Surprising (for me) benchmark results...

Wed May 2 03:16:48 EDT 2001

On Wednesday, May 2, 2001, at 01:05 AM, John J. Lee wrote:

> On Tue, 1 May 2001, Daniel Berlin wrote:
>> On Wed, 2 May 2001, Rainer Deyke wrote:
>>> "Courageous" <jkraska1 at san.rr.com> wrote in message
>>> news:rrouet0f4un3h3eo8pq6nlk5idgkmhhhca at 4ax.com...
>>>> On Wed, 02 May 2001 01:11:50 GMT, "Rainer Deyke" 
>>>> <root at rainerdeyke.com>
>>> wrote:
>>>>> "Daniel Berlin" <dan at www.cgsoftware.com> wrote in message
>>>>> news:mailman.988762570.8591.python-list at python.org...
>>>>>> Actually, the sort is probably not the bottleneck.
>>>>>> As the file gets larger, the bottleneck becomes disk time, not sort
>>> time.
>>>>> Disk access is O(N); sorting is typically O(N log N).  Therefore as 
>>>>> the
> [...]
>>>> Disregarding the algorithm and this specific situation in question, 
>>>> you
>>> are
>>>> both correct; this is because while disk access may scale O(N), this
>>>> scaling is multiplied by a huge constant factor that can in many 
>>>> cases
>>>> dwarf the sorting algorithm, depending on the number of entries and
>>>> the like.
>
> The best answer, of course.  Mind you, I don't know whether the curves
> *ever* cross for feasible N.  Does anyone here know, though direct
> experience or calculation?  The other thing is that for small changes in
> N, disk access doesn't necessarily go as N (caches, that sort of 
> thing?),
> and maybe sorting doesn't go exactly as N ln N.
It's not just caches.

First, let's be clear on what Rainer did.
He said: Disk access are O(n). (Where n is the number of bytes). Sorting 
is O(n log n) (Where n is the number of items to sort). Therefore, 
sorting is more expensive algorithmically.
This is clearly incorrect, you are comparing apples and oranges. The n's 
aren't representing the same things.

The number of bytes is the absolute upper bound on the number of items 
to sort, and would only be the case for single byte items, in which 
case, there are better sorting algorithms, and you could make disk 
accesses dominate again.

Typically, an item is multiple bytes. Let's say the average english word 
is 5 characters ( I can't remember what the actual figure is).
This would mean Disk accesses are O(n), Sorting is O(n/5 log n/5) where 
both n's are directly comparable. Once again, disk access clearly 
dominates.
Until you are sorting a very large number of single byte items with 
quicksort, disk accesses will dominate.

Now, this is even assuming disk accesses are O(n), which they aren't.

Disk's are not based on technology that is determinstic. It's a fuzzy 
technology. You can get probabilistic guarantees, like it'll be 99% of 
the time O(n), but a blanket statement that Disk access is O(n) is plain 
wrong.  This is because disk drives ain't an exact technology.  Most 
drives these days use PRML, Partial Response Maximum Likelihood. On 
disks, you have inter-symbol interference due to overlap of analog 
signal peaks. PRML uses digital filtering to handle this.  It then uses 
various other signal processing algorithms, combined with maximum 
likelihood data detection to figure out what the most likely sequence of 
bits was that it just read from the disk.  As you would imagine, this is 
some pretty hairy shit to analyze the complexity of if you want to try 
to say it's deterministic, because reading the same bits twice, even 
from the same starting position, will quite possibly give you two 
slightly different analog signals to analyze, etc. In reality, when you 
get down to it, it's non-deterministic in the average case because you 
end up having to include probability in the calculations.
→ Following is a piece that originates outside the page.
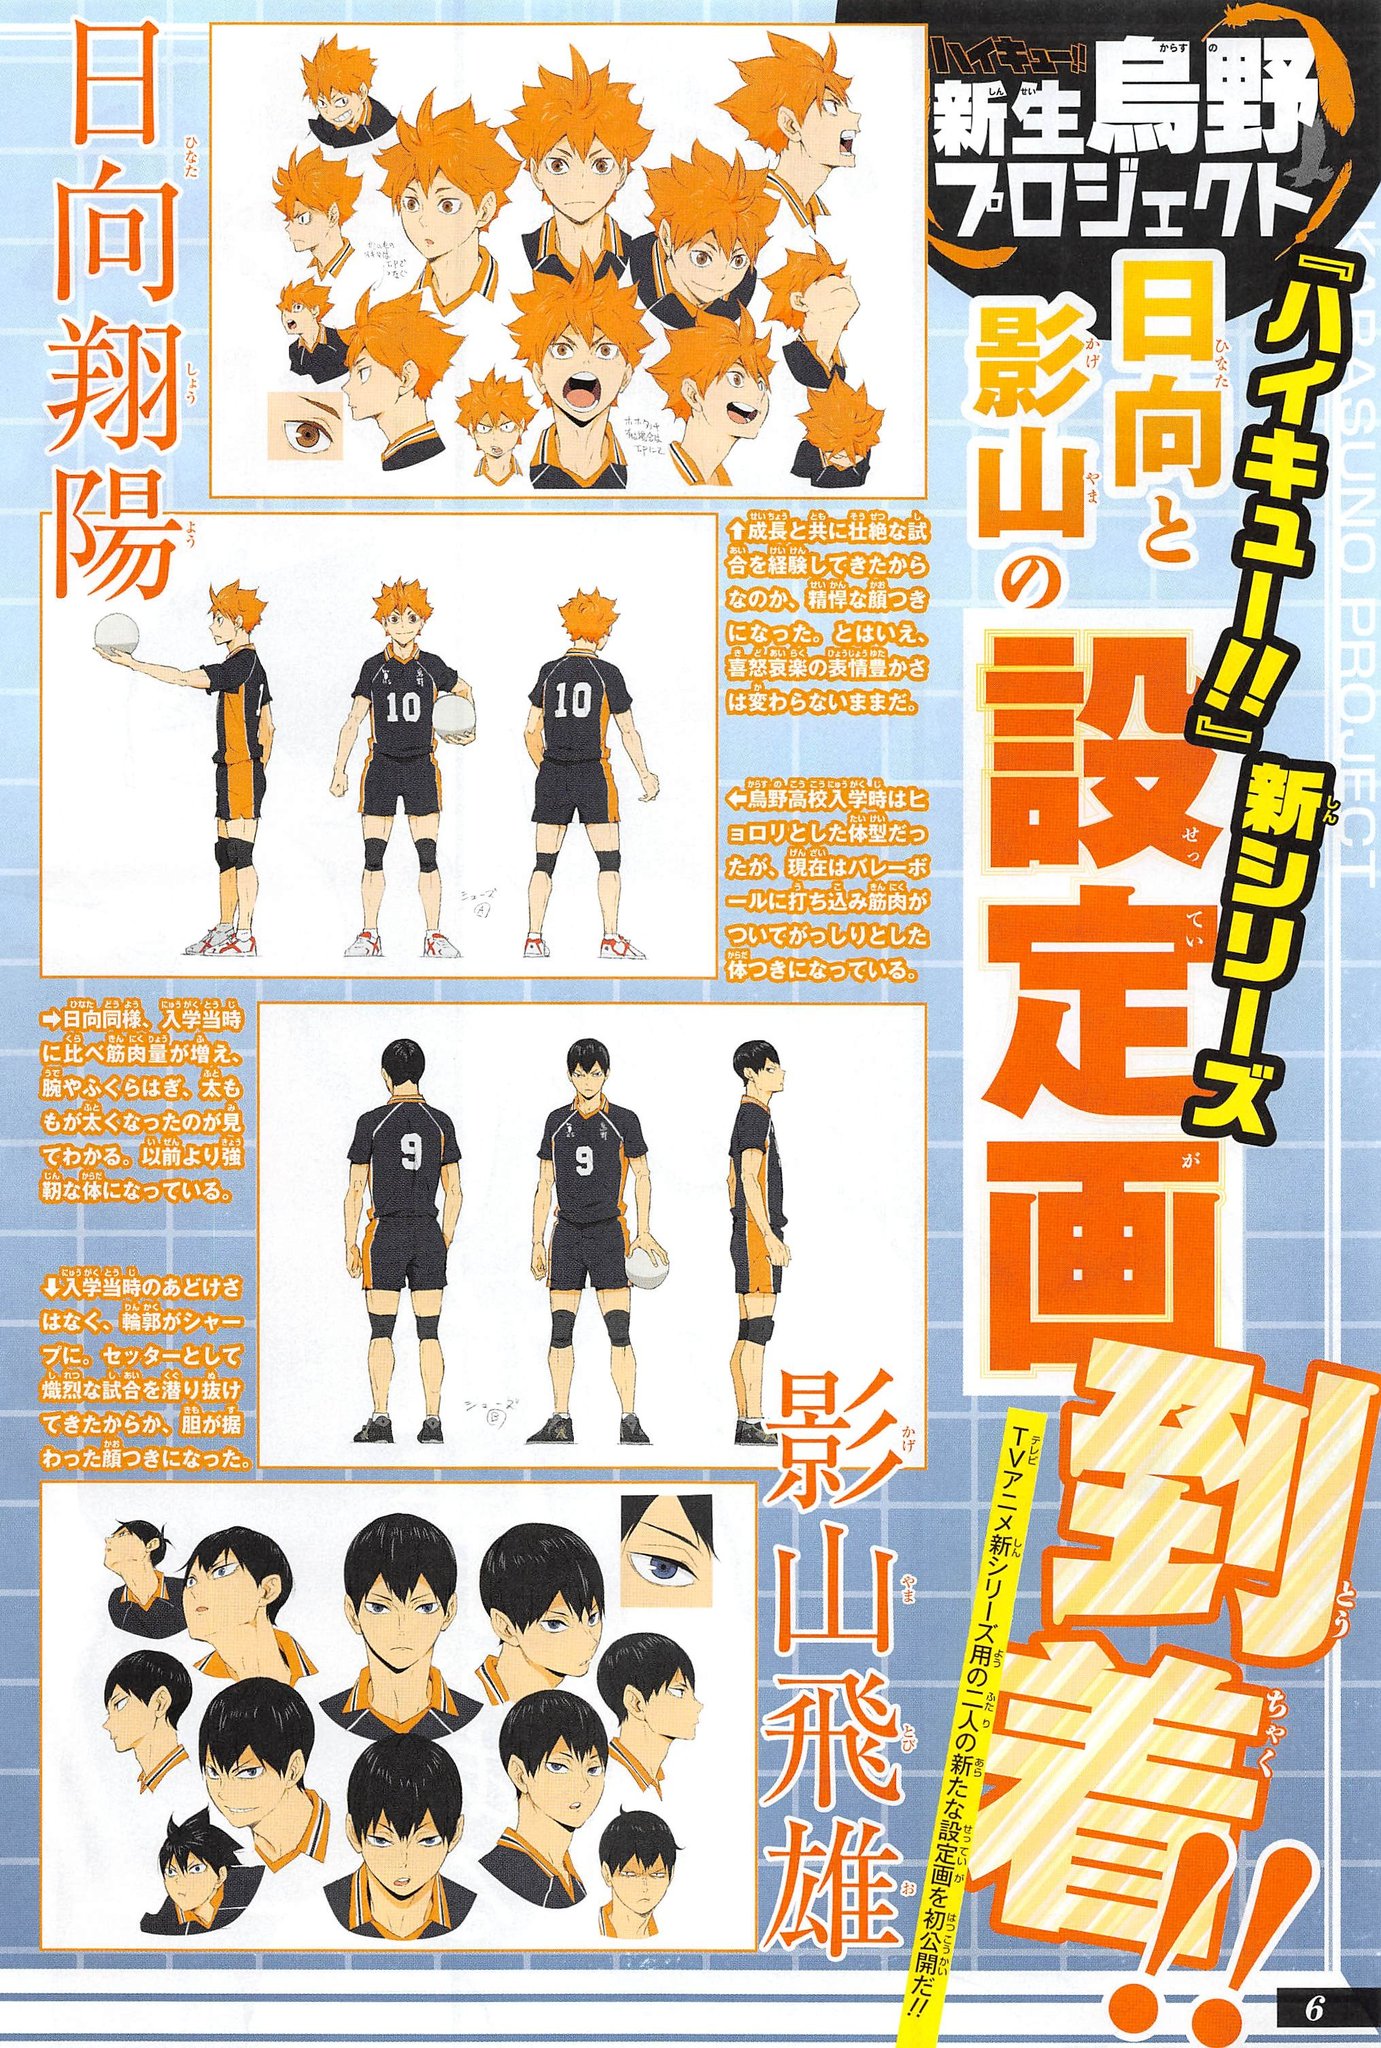 New Haikyuu Season 4 Character Designs Surface Online – haikyuu

Worst case is 
much easier, and is deterministic, because there is no probability 
involved.
Suffice to say, it's not O(n) worst case, and it's not even really 
deterministic in pretty much any case, it just looks like it is, because 
your disk isn't writing exactly your data, just something that it can 
pretty accurately determine to be your data when it reads it back.  
Error correction codes can take care of the rest. If they are using reed 
solomon, figuring out which bits are wrong requires solving simultaneous 
equations with t unknowns (where 2t=n-k, k is the number of data symbols 
of s bits each, and n is the number of symbols, including the new parity 
symbols (IE 2t+k = n)).
Bet you never realize it was really all this complex for a seemingly 
simple fucking disk access, no?
:)

>>> I was responding to this: "As the file gets larger, the bottleneck 
>>> becomes
>>> disk time, not sort time."  This is just plain incorrect (assuming 
>>> larger
>>> file = more entries, not longer entries).
>> No, it's not.
>> You still have to get your damn file off the disk.
>> He was timing a sorting program in it's entirety, not the sort.
>> Therefore, the disk i/o time matters. And with it taking such a short 
>> time
>> for each program run, it could possibly matter a *whole lot*.
>>> If disk access dominates  on large
>>> files, it dominates even more on small files.
>> Err, that doesn't make it not dominate on small files.
>
> And if it (disk access) dominates on small files, then it dominates less
> on large files, until eventually the sort dominates.  Mm?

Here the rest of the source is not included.